PCP/Açores quer Aeroporto de Santa Maria aberto no período noturno

PCP/Açores quer Aeroporto de Santa Maria aberto no período noturno

 

Lusa/AO online   Regional   8 de Nov de 2012, 13:55

O PCP/Açores apresentou esta quinta-feira uma iniciativa legislativa que recomenda ao Governo da República que o Aeroporto de Santa Maria se mantenha aberto no período noturno, entre as 21:30 e as 00:00.

"Deu hoje entrada no parlamento um projeto de resolução que pretende recomendar ao Governo da República a reabertura do aeroporto entre as 21:30 e as 24:00, repondo o horário de funcionamento que se verificava até final de outubro", anunciou Aníbal Pires, coordenador do PCP nos Açores e único deputado do partido no parlamento regional.

Aníbal Pires, que falava numa conferência de imprensa em Ponta Delgada, destacou a "importância" do Aeroporto de Santa Maria para as escalas técnicas do tráfego aéreo que atravessa o Atlântico Norte, mas também devido às "repercussões na receita da ANA e do handling da companhia aérea açoriana SATA, o que acaba por influenciar a economia mariense".

Nesse sentido, revelou que, desde o início deste mês, já se realizaram "18 ou 19 escalas técnicas" naquele aeroporto, enquanto em outubro foram realizadas 40 escalas técnicas, frisando que "o Aeroporto de Santa Maria continua a ser muito utilizado pela aviação civil e comercial e por aeronaves privadas".

A iniciativa legislativa do PCP/Açores surge na sequência da decisão da ANA, empresa que gere os aeroportos portugueses, de encerrar o Aeroporto de Santa Maria entre as 21:30 e as 06:30, justificada com a "evolução do tráfego noturno verificado nos últimos 12 meses" nesta infraestrutura.
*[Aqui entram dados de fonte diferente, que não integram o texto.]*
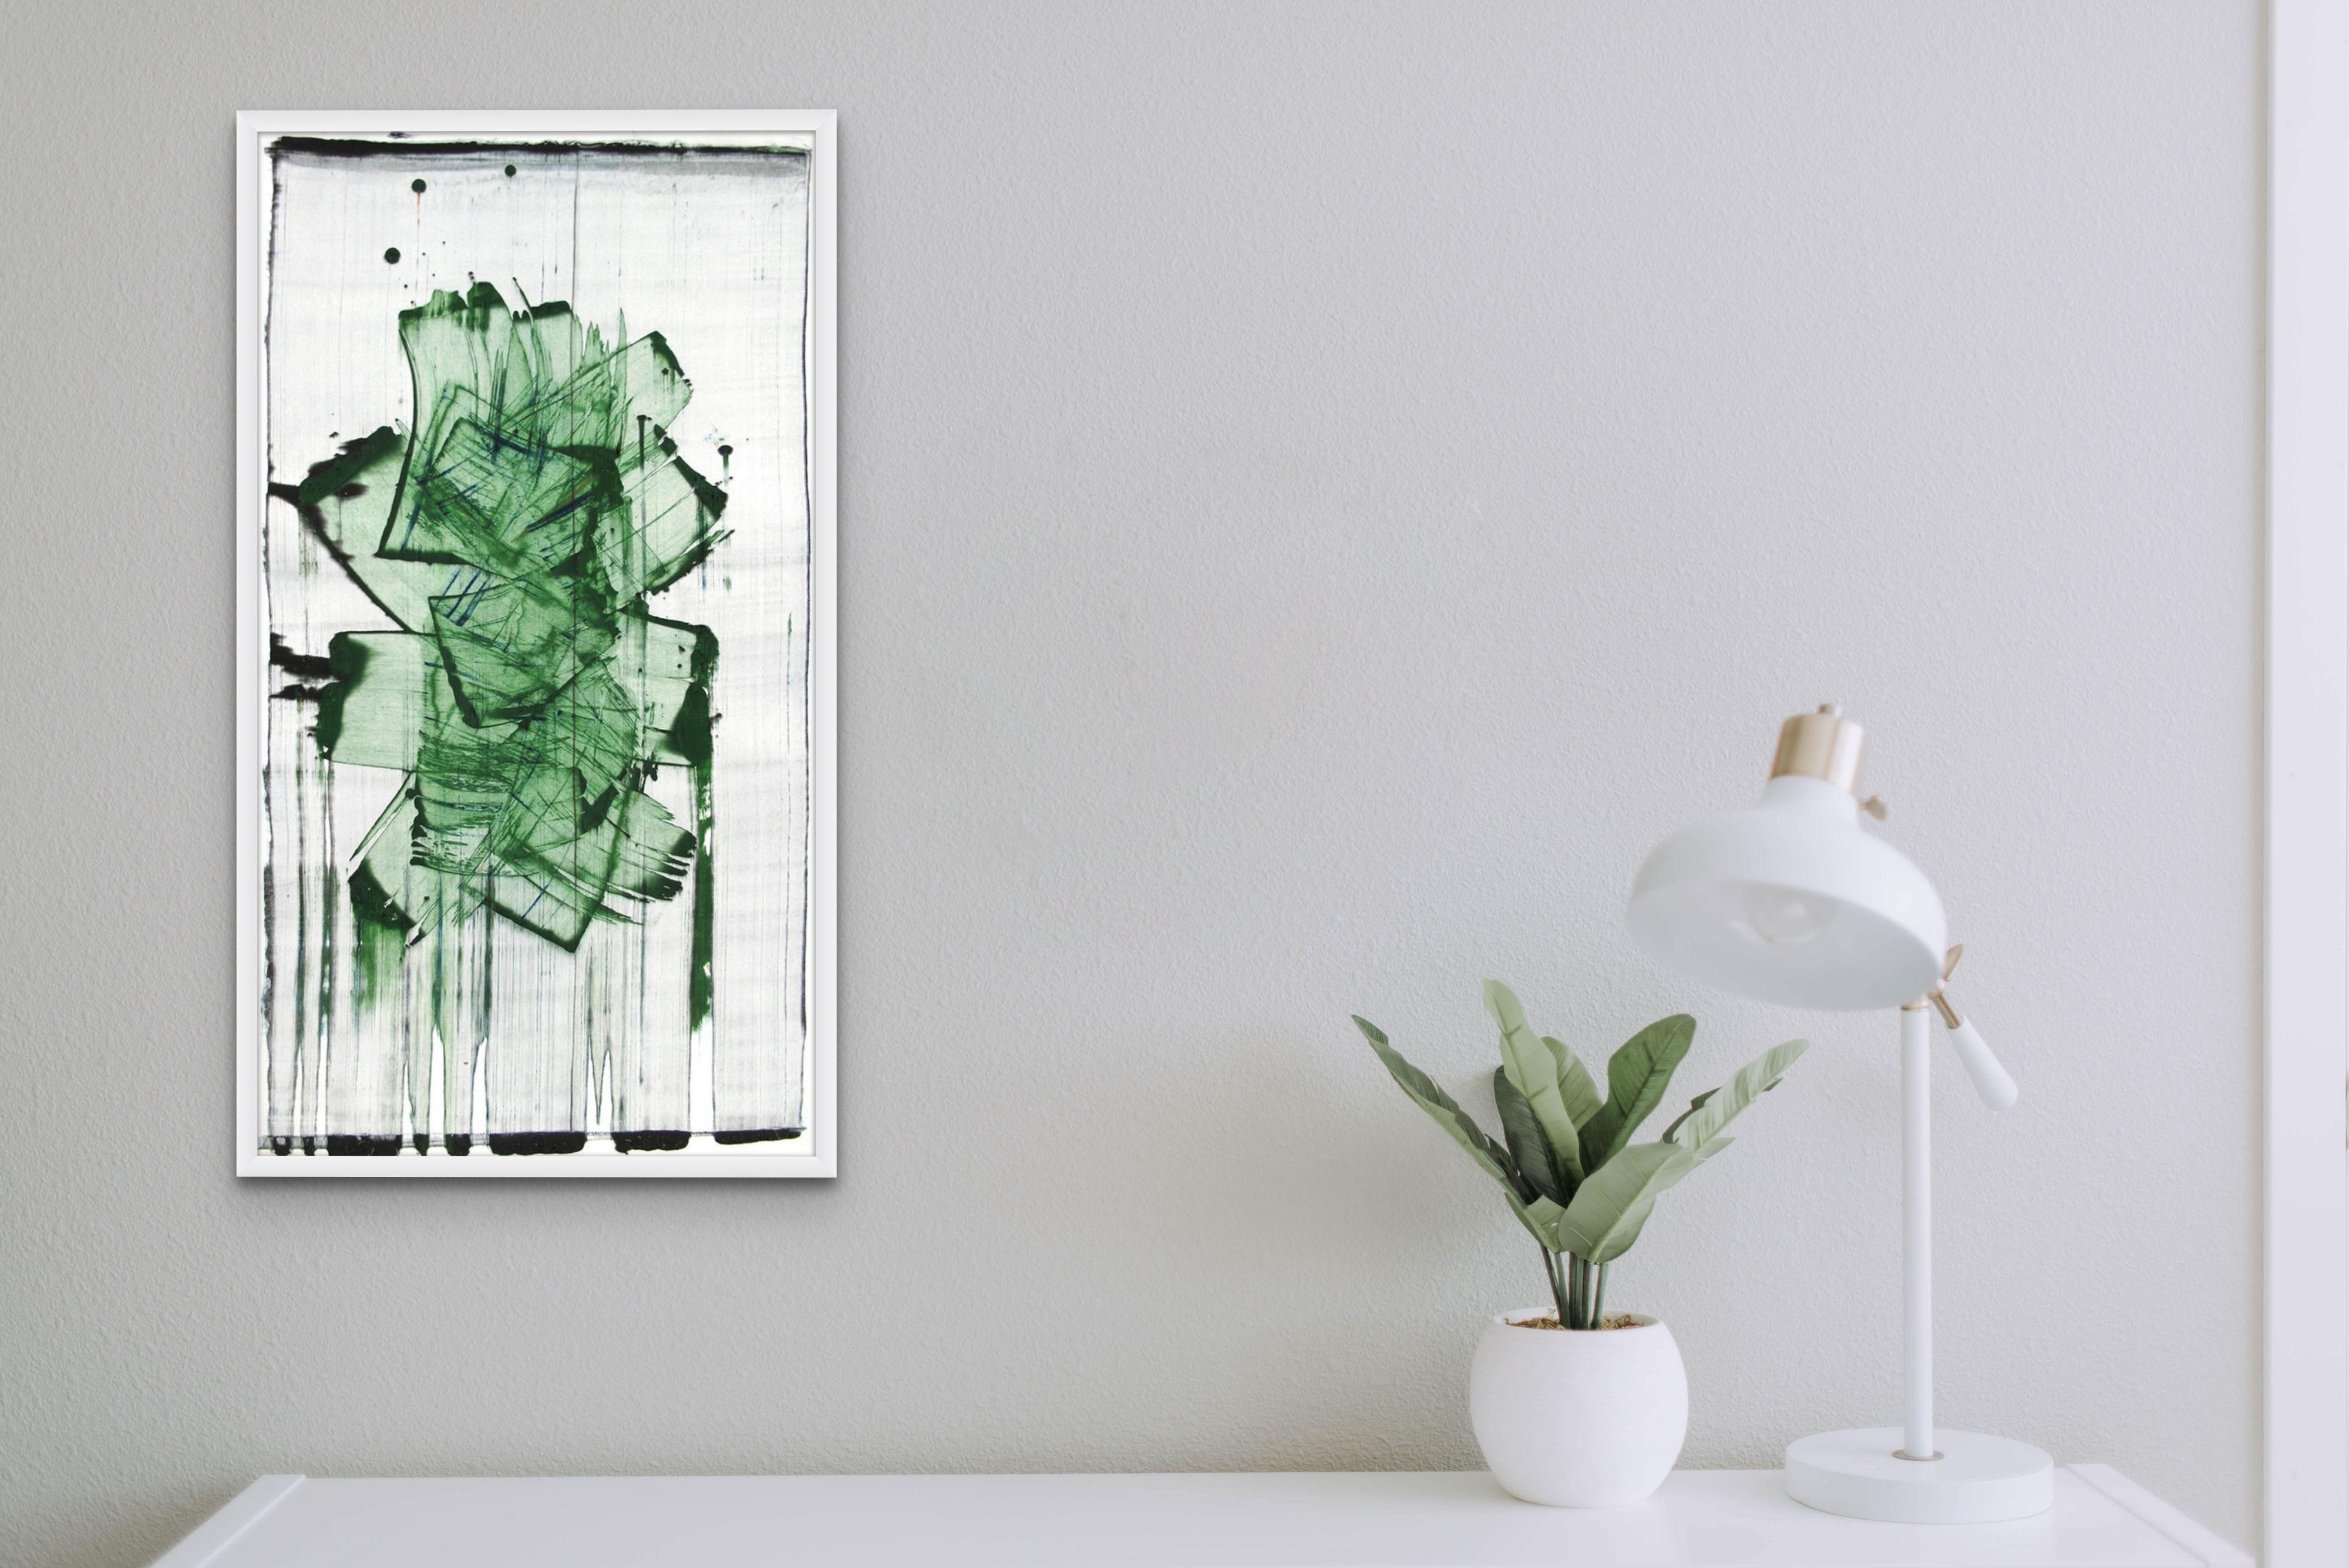 Mad green 10 (Abstract Painting) - Art by Emma Godebska

Na conferência de imprensa hoje realizada, Aníbal Pires apresentou também um projeto de resolução que visa "a execução de um protocolo assinado no verão de 2011" com o Governo da República, relacionado com a cedência dos terrenos da ANA que não estão afetos à atividade aeroportuária para o domínio privado da Região e do município de Vila do Porto.

"Os terrenos estão abandonados”, frisou o dirigente regional comunista, acrescentando, no entanto, que representam uma área importante "de expansão urbana natural" de Vila do Porto.

Aníbal Pires salientou que “ao longo dos anos foram desafetadas algumas parcelas de terreno, mas o essencial continua na posse do Estado”.